Cell culture media used for testing nanomaterials does a poor job of simulating an in vivo environment and could be preventing scientists from understanding how nanomedicines respond in the body, new research shows. ‘We believe this is a key reason why accumulated knowledge on nanomaterials has not yet been translated into successful clinical applications,’ says Valentina Castagnola from the Italian Institute of Technology (IIT), who led the work alongside Andrea Armirotti.1 

In vitro tests regularly use Dulbecco’s Modified Eagle Medium (DMEM) to represent a biological environment. DMEM contains important molecules for cell growth, including glucose, salts, amino acids and vitamins. And it is usually supplemented with 10% foetal bovine serum (FBS) to provide essential proteins, growth factors and hormones. 

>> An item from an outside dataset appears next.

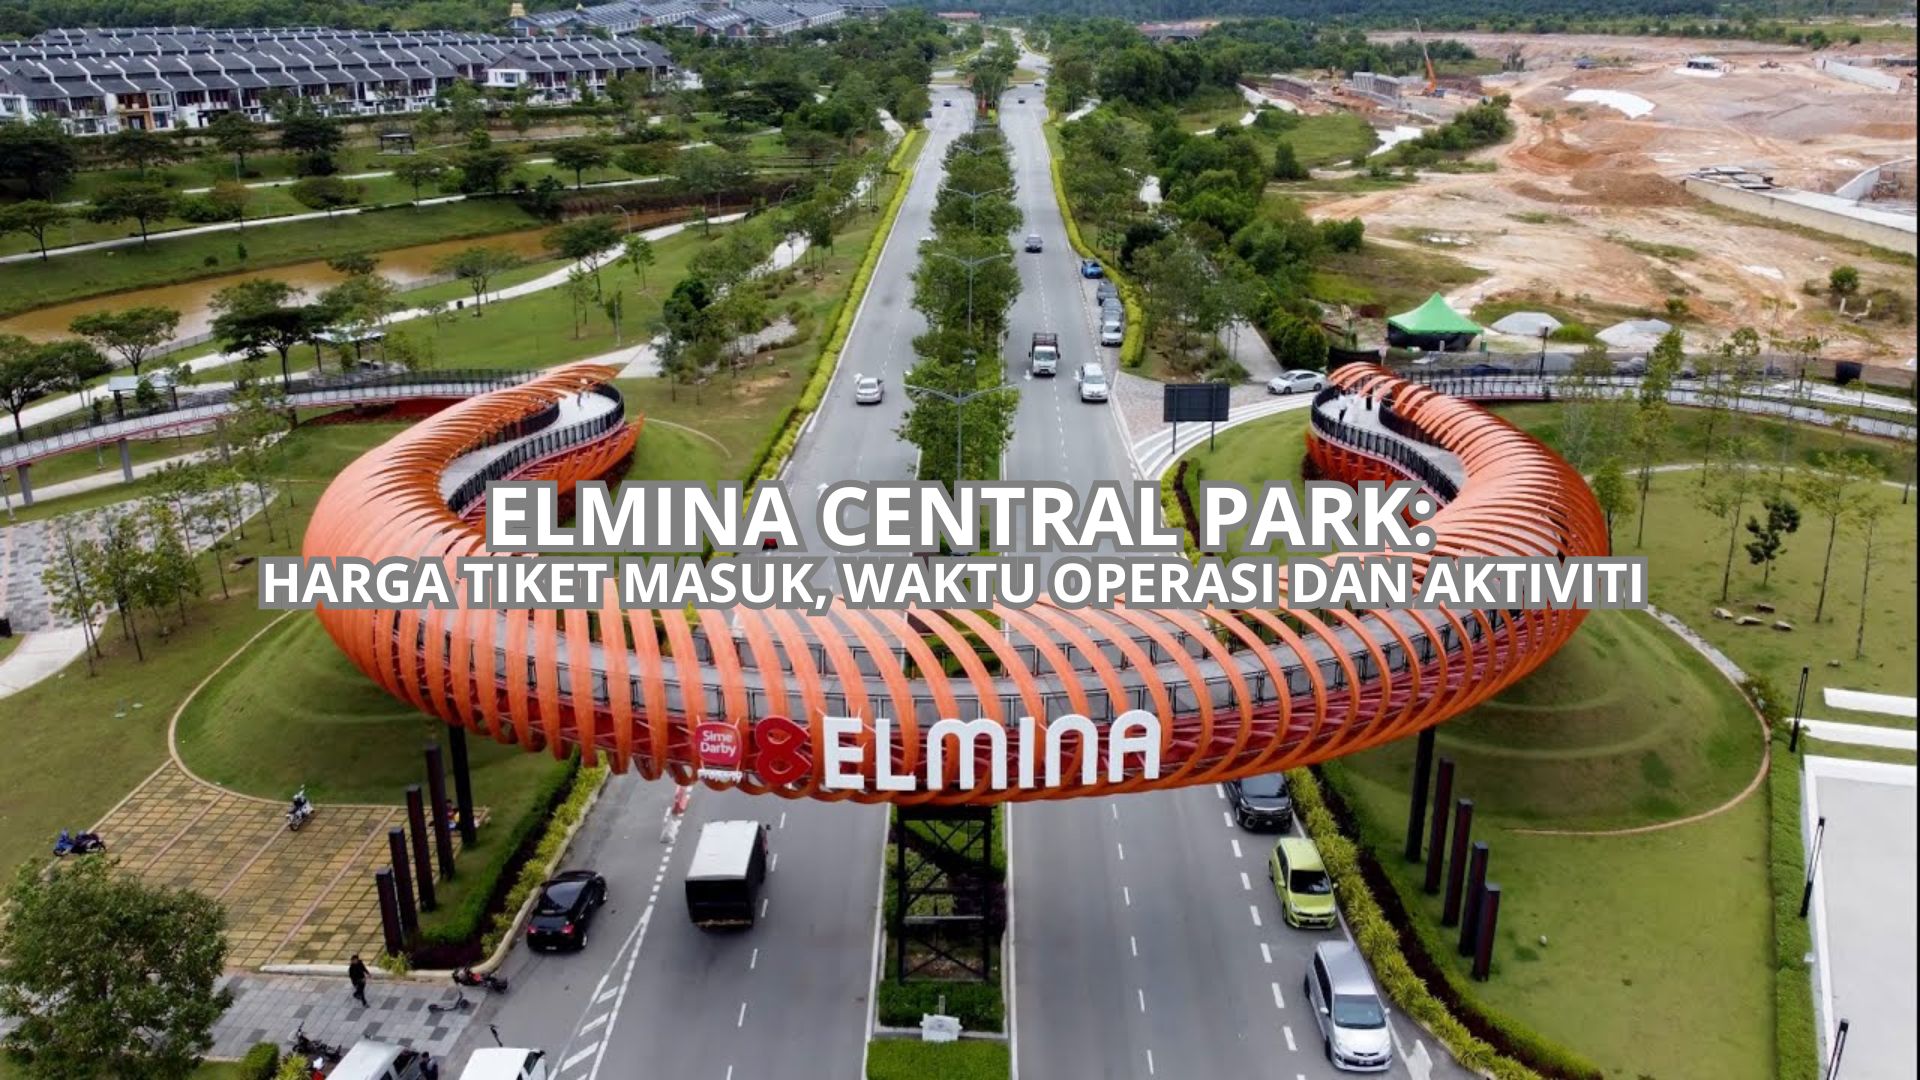 Elmina Central Park Cover

Nanomaterials placed in a biological environment become coated with proteins, lipids and other biomolecules. This layer is known as the biomolecular corona. Given a variety of complex interactions between the biomolecular corona and the biological environment shape a nanomaterial’s journey through the body, it is important to understand nanomaterials’ biomolecular corona in different media, as well as its impact on intracellular trafficking. 

Castagnola, Armirotti and co-workers used high-resolution mass spectrometry to profile the biomolecular corona surrounding gold nanoparticles and graphene oxide flakes in both DMEM/10% FBS and human plasma. When the nanomaterials were immersed in human plasma, the team recorded a much higher concentration of lipids in the biomolecular corona. Moreover, intracellular trafficking analysis found that fewer early endosomes, a type of organelle, formed within pancreatic adenocarcinoma cells treated with these lipid-rich nanomaterials compared with controls. 

‘Reminding the community that there are many unexplored questions in this area is important,’ comments Iseult Lynch, an expert on nanomaterials and their biological interactions, from the University of Birmingham in the UK. Castagnola and Armirotti’s findings agree with Lynch’s previous research, where she compared the biomolecular corona formed on silica and polystyrene nanoparticles over increasing plasma concentrations.2 Referring to why, over 10 years later, a mismatch between in vitro tests and the in vivo environment remains, Lynch comments ‘in research things are cyclical, sometimes a study can come almost too early for the field.’ 

Castagnola and Armirotti hope that their new study will ‘highlight the consequences of testing nanomaterials in the wrong in vitro environment and boost the translation of nanomaterials into clinical settings.’ They anticipate that future research will focus on adapting new tools, such as machine learning, to further understand nanomaterial toxicology and efficacy.